Разговор длился всего около получаса, а Марку Стешко вдруг показалось, что он давно знаком с Осокиным, с его женой Анной, которую не видел ни разу в жизни, но почему-то ясно представил её себе со слов учителя. И сидят они сейчас здесь вместе совсем неслучайно, поскольку мыслят и понимают жизнь совершенно одинаково. От такого осознания Марку стало вдруг легко, даже маленькое оконце с металлической решёткой и тяжёлый, спёртый запах камеры уже не так угнетающе давили на него, как прежде.
– Рассказал бы ты лучше мне о моих детях, Виктор Пантелеевич, – после небольшого молчания обратился Марк к учителю истории. – Как учатся, в чём преуспевают? А то они со мной не очень-то делятся о школьных делах.
– А что дети? Они, в сущности, все одинаковые, что отличники, что двоечники, – глаза Виктора Пантелеевича как-то сразу подобрели, потеплели, в уголках губ отложилась доверительная улыбка. – Все хотят быть умнее дураков, иметь дружеское расположение к себе, постоянно нуждаются в сочувствии к своим мыслям и желаниям. Вашим деткам легко даются знания, особенно это ярко выражается у Вани. Он очень смекалист, всё схватывает на лету, домашнее задание успевает делать в школе. Среди мальчишек всегда выступает заводилой. Не прочь и похулиганить, когда представляется возможность.
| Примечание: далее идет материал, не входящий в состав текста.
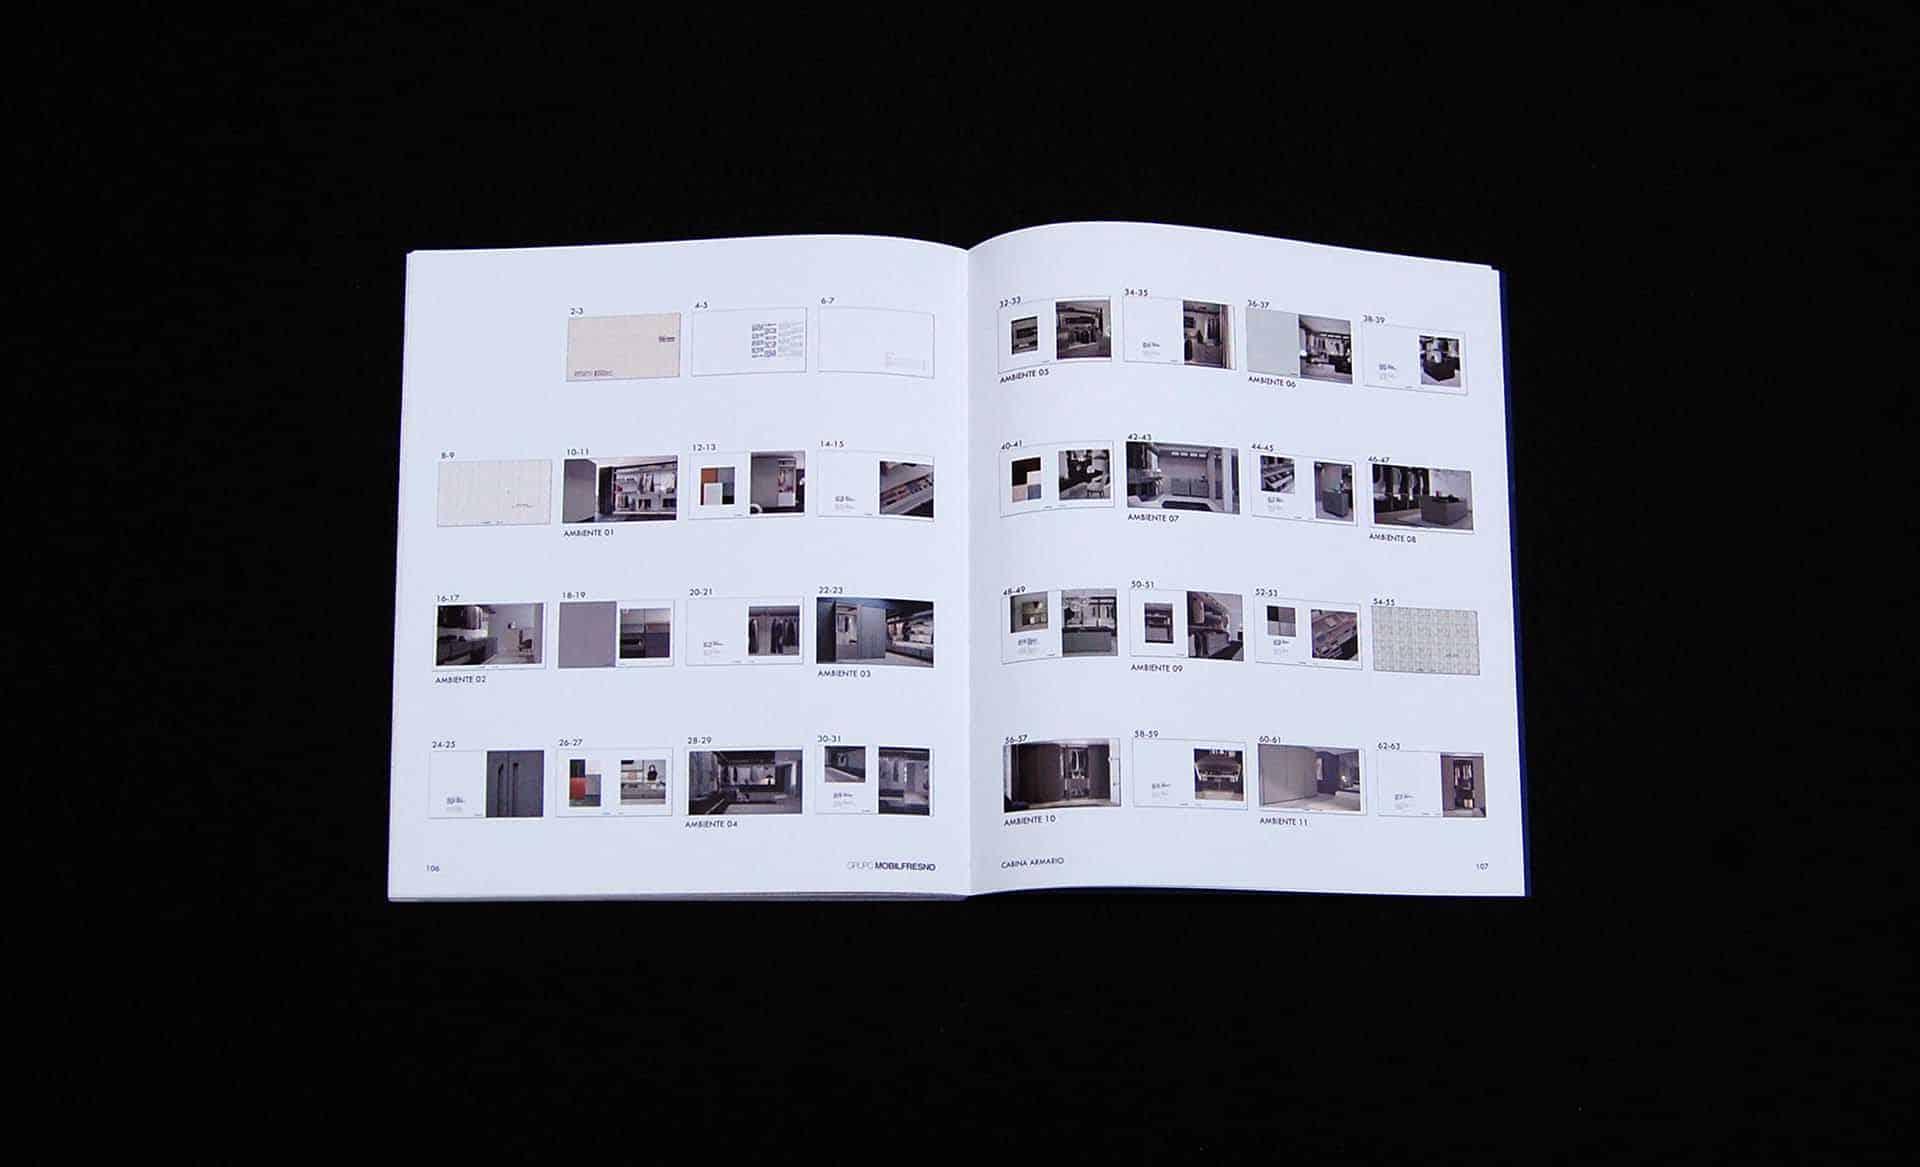 Diseño de Catalogos Exclusivos Mobilfressno

А вот старшенькую вашу дочь, Фросю, я, к сожалению, мало ещё изучил, не было времени, ведь она недавно появилась в нашей школе. Девочка замкнутая и немногословная. Василиса – трудолюбивая, мечтательная и романтическая натура.
«Надо же, – отметил про себя Марк. – Как точно он охарактеризовал моих детей, хотя кроме них у него не один десяток. А помнит вот каждого. Наверно, Виктор Пантелеевич хороший преподаватель. Про Ваньку совершенно правильно сказал. Сын действительно такой – шустрый, целеустремлённый. Как-то сейчас он без меня? Что делает, о чём думает? И не спросить теперь, к сожалению, и не помочь я уже не в состоянии. Не преодолеть той широкой пропасти, которая легла между нами».
– Я догадываюсь, о чём вы сейчас думаете, Марк Сидорович, – вывел его из печальных размышлений Осокин.
– Простите, что вы сказали? – не сразу разобрал слова Марк и повернулся лицом к учителю.
– Догадываюсь, говорю, о ваших мыслях. Думаете, как же дальше будут жить ваши дети, верно?
– Да, тяжко придётся детям после моего ареста. Шесть лет их называли кулацкими отпрысками, а теперь вот поставят ещё и клеймо детей врага народа. Не сладкая жизнь их ждёт, ох, несладкая, каждый будет тыкать в них пальцем и оскорблять.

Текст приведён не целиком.